In 1992, Kidd Kraddick in the Morning was born as a local radio program in Dallas. The show broadcasts live from 6–9 a.m. Central on weekday mornings and is nationally syndicated in more than 40 markets, as well as the American Forces Radio Network through YEA Media Group. Kraddick voiced a number of characters, making extensive use of voice altering technology in improvising characters as they came up during show discussions. One of the most popular was Kraddick improvising the voice of co-host, "J-Si" wife/high school sweetheart, Kinsey. He has voiced other characters such as "Must Be Nice Guy", and other characters that added flair to the show. After his death in 2013, the show continued to air as an ensemble, posthumously under the name The Kidd Kraddick Morning Show, featuring the remaining cast members.

==Other==
In the early 1990s, Kraddick launched two radio oriented businesses. A monthly publication for morning personalities called "The Morning Mouth" and a show prep "sharing service" for air personalities called "BitBoard". Kraddick subsequently sold both entities; BitBoard is now operated by Clear Channel Communications and The Morning Mouth is owned and operated by Talentmasters in Atlanta.
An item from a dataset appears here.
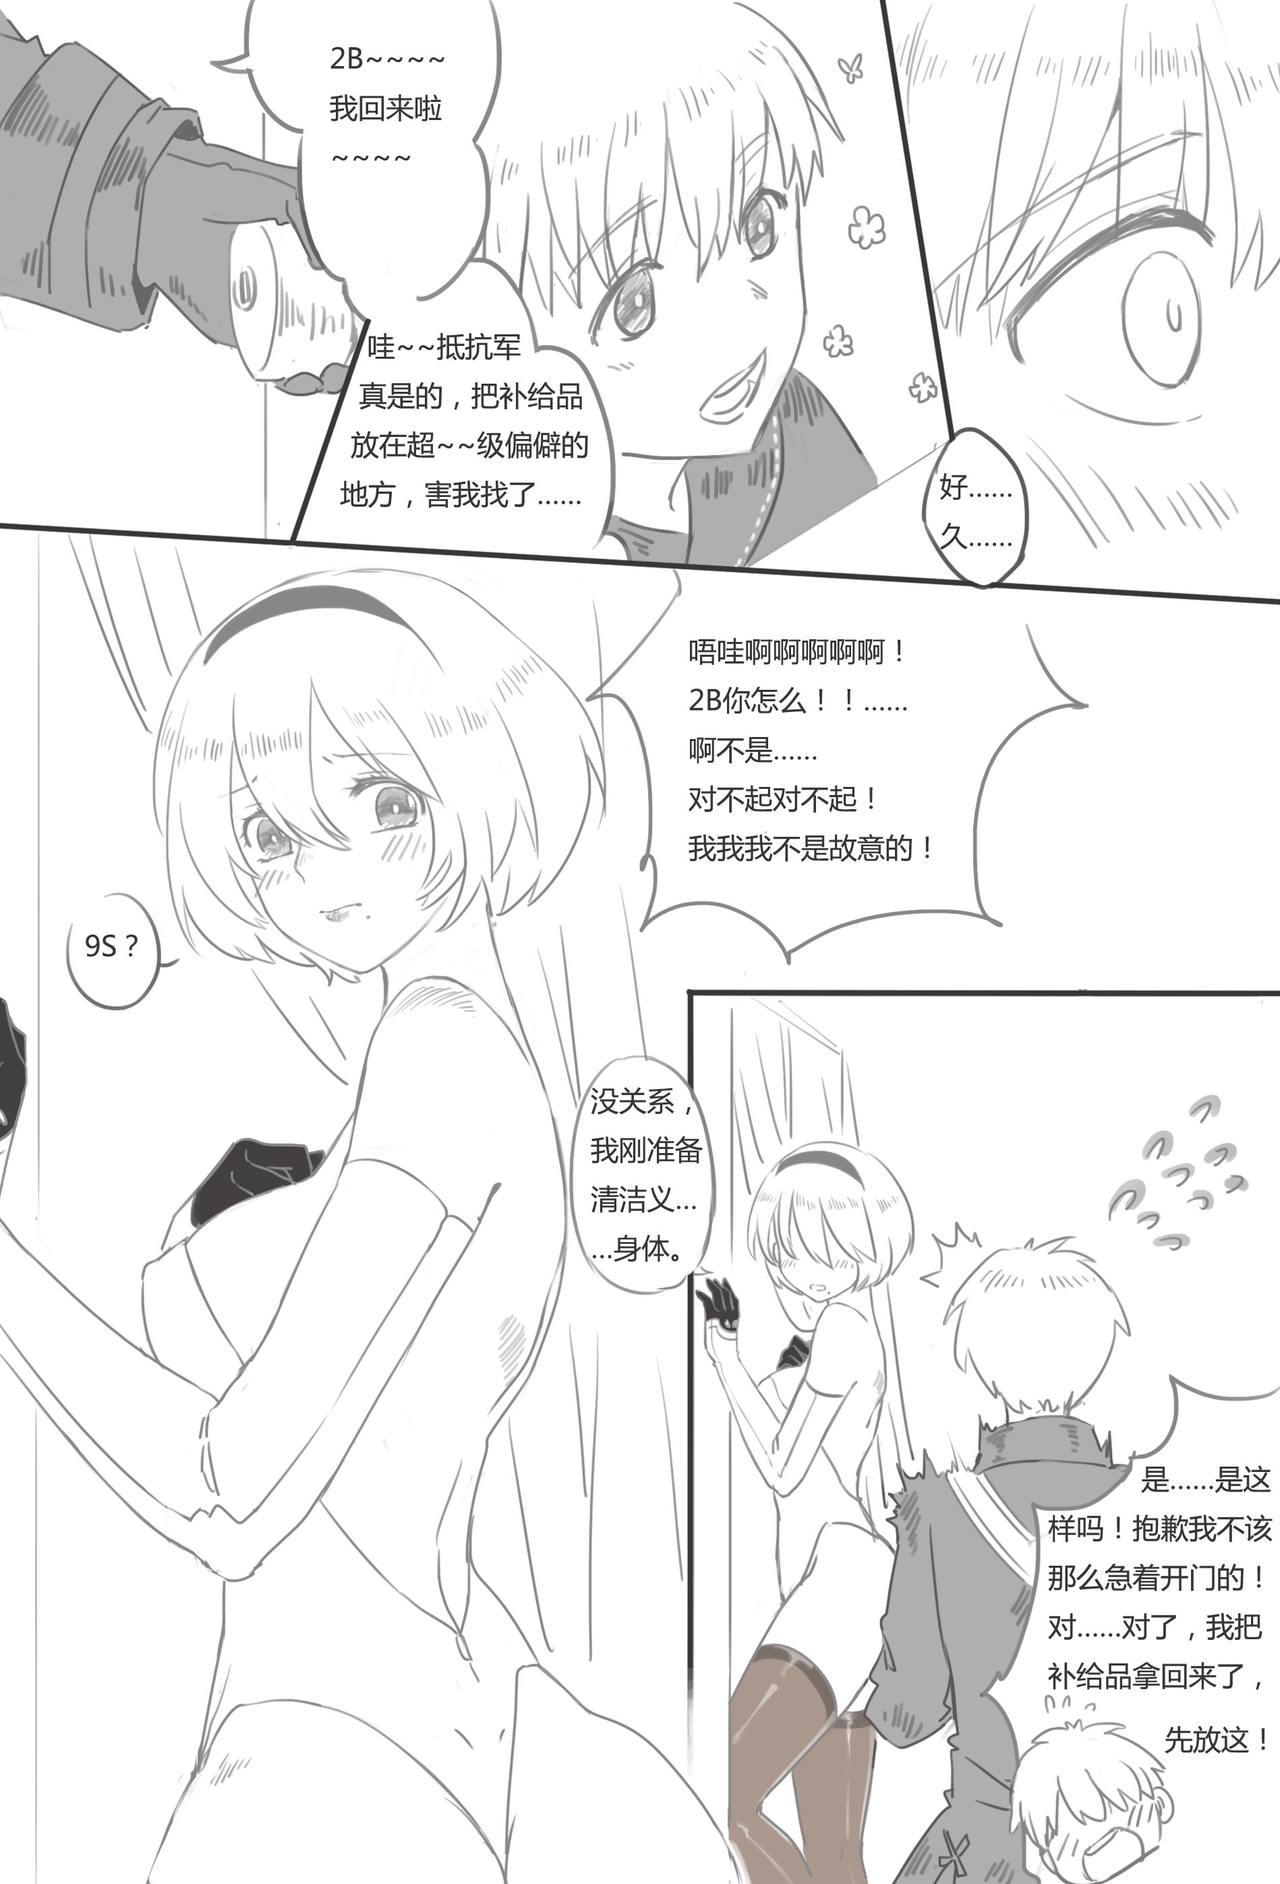 Funny [WS] 9Sx2B - Life after the [E] end. (NieR:Automata) [Chinese] - Nier automata Banho - Page 3

In 1991, he founded a charity organization "Kidd's Kids", with the mission to "provide hope and happiness by creating beautiful memories
for families of children with life-altering or life-threatening conditions." What initially began as a bus ride to Sea World in San Antonio expanded into a family trip to Walt Disney World in Orlando for over a thousand children.

==Personal life==
Kraddick attended the University of Miami for a semester, but dropped out to study broadcasting. Kraddick was Catholic. He and his wife, Carol, were separated in 2007 and divorced in April 2008. They had one daughter, Caroline. He had planned on remarrying in the near future to Lissi Mullen to whom he was engaged with the week before his death.

In 2009, Kraddick was diagnosed with lymphoma, which he kept hidden from his coworkers and family.

==Death==
Kraddick died on July 27, 2013, while attending an annual fundraiser for his charity, Kidd's Kids, at Timberlane Country Club in Gretna, Louisiana. Jefferson Parish Deputy Coroner Granville Morse said heart disease was "evident" and that drug use and foul play were not suspected, according to his findings after a routine autopsy. Morse said Kraddick had an enlarged heart. He also had three diseased vessels and one of his arteries had an 80 percent blockage. In early August 2013, the Jefferson Parish Coroner's Office concluded Kraddick's cause of death was arteriosclerotic and hypertensive cardiovascular disease.